Maybe they had a thing all those years ago and she has never let go. Yes it's weird, no YANBU to think this isn't acceptable and as other posters have said, how on earth can anyone just go travelling for 4 months unless they can afford and have the option of a sabbatical?

JennyPocket · 07/12/2016 11:58

Give over everyone, nobody asks a man in a LTR to leave their OH and travel alone with them for four months without some ulterior motive.

Either that or she is shamelessly cheeky.

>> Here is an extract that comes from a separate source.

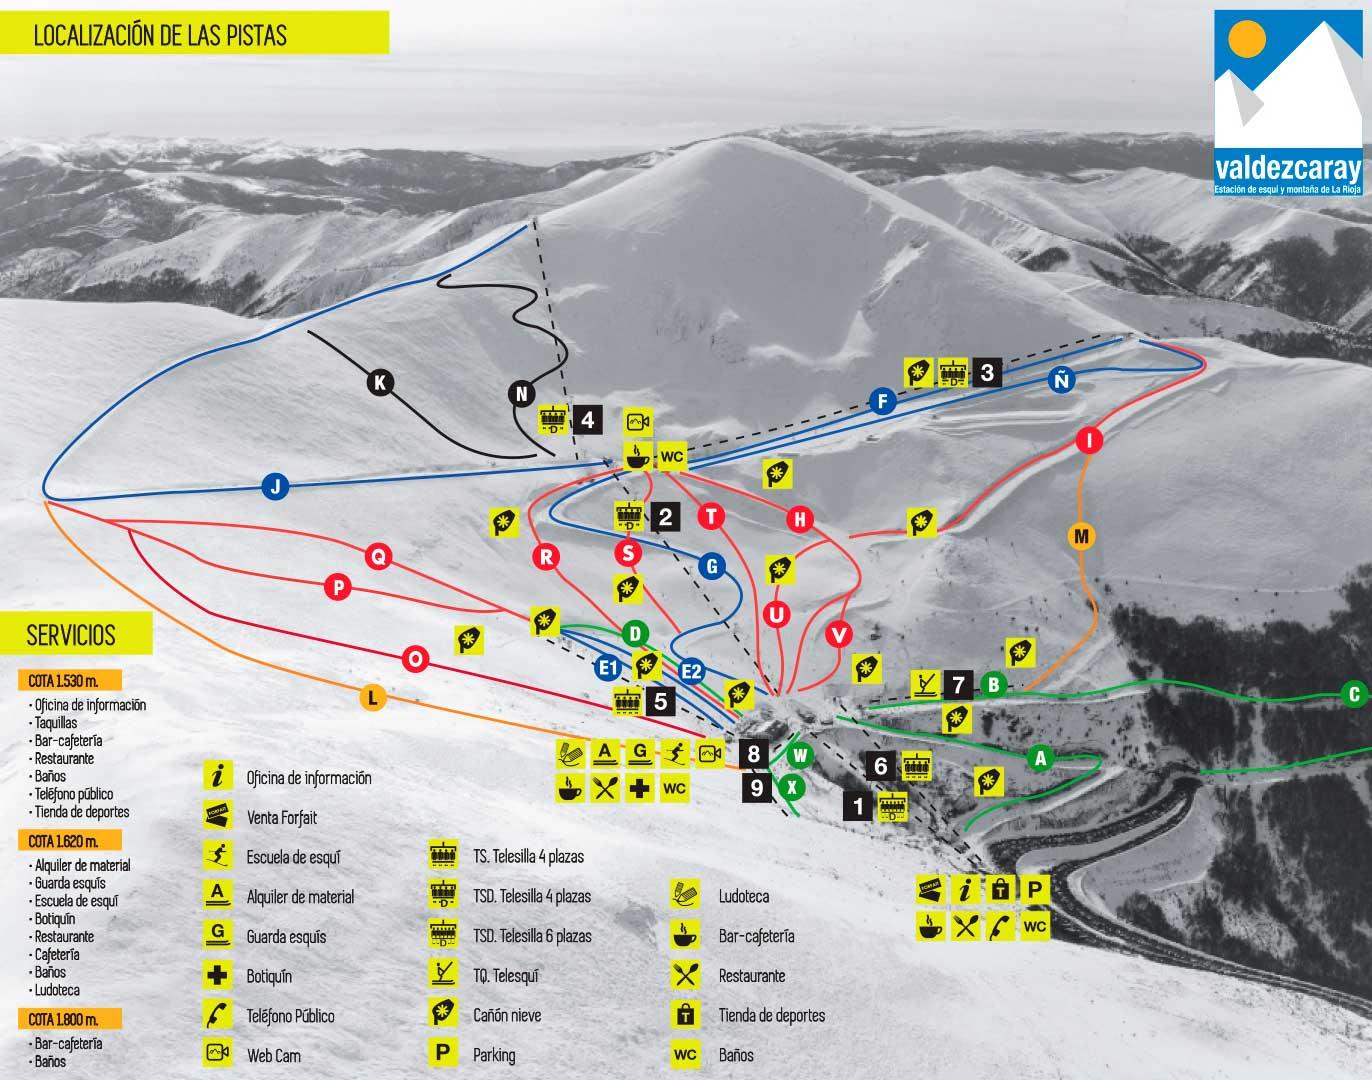 Valdezcaray Plan des pistes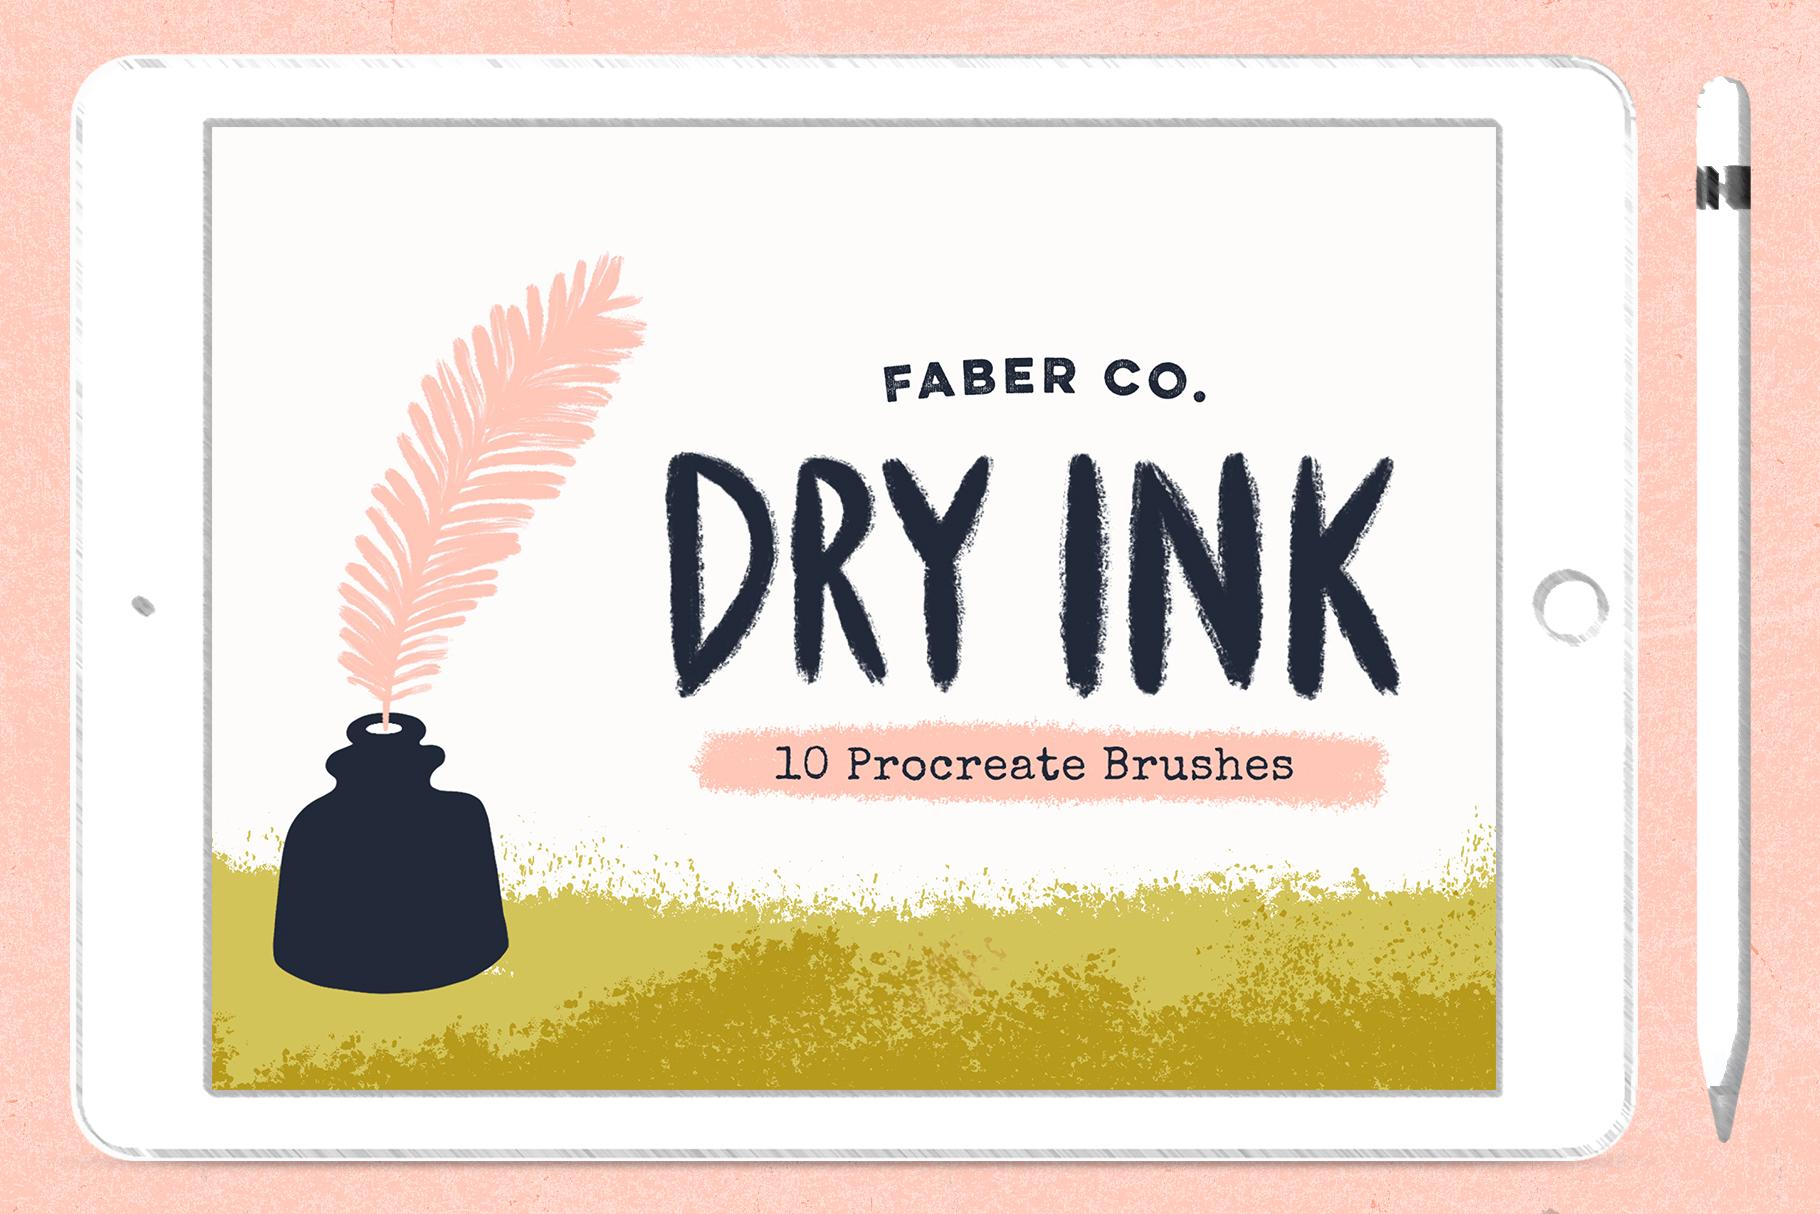 Dry-Ink_Ipad_Cover-Image_MOCKUP_Pencil.jpg

I once had a girl trying to hit on my BF on a six hour plane journey, it was 3 seats across, I was on aisle seat, BF was in middle, she was window seat (complete stranger). She monopolised him for the entire journey and insisted that he listen in to her walkman on one half of her earphones, she offered him sweets, snacks etc but not me Hmm

Luckily we were totally in love and he was a super sweet guy so he wasn't lapping it up or anything but I was Shock at her brass neck.

Some women are like that.

OhhBetty · 07/12/2016 12:16

It's the 4 months I'd have an issue with tbh. I'd go on holiday for a week or whatever with my best mate who is male. But not 4 months!

littlesallyracket · 07/12/2016 12:19

I think it would be a bit weird for anyone, male or female, to ask someone who has a job and lives with their DP to go travelling with them for four months. A week maybe, but not months.

I'm sure she's not trying it on with him, but it just sounds like she hasn't really got much idea of how other people's lives work. Like people who try to persuade a friend to go to Glastonbury with them a week after she's had a baby*, or suggest an exotic expensive long-haul trip to a friend who has no money.

*This happened to a colleague of mine.

YelloDraw · 07/12/2016 12:20

4 months? No way.

HaveNoSocks · 07/12/2016 12:26

I don't think it's weird of her to ask on the off chance but I wouldn't want my DP going off on a four month trip without me. I trust him completely but if he was going to invest that much time and money I'd like it to be something we did together.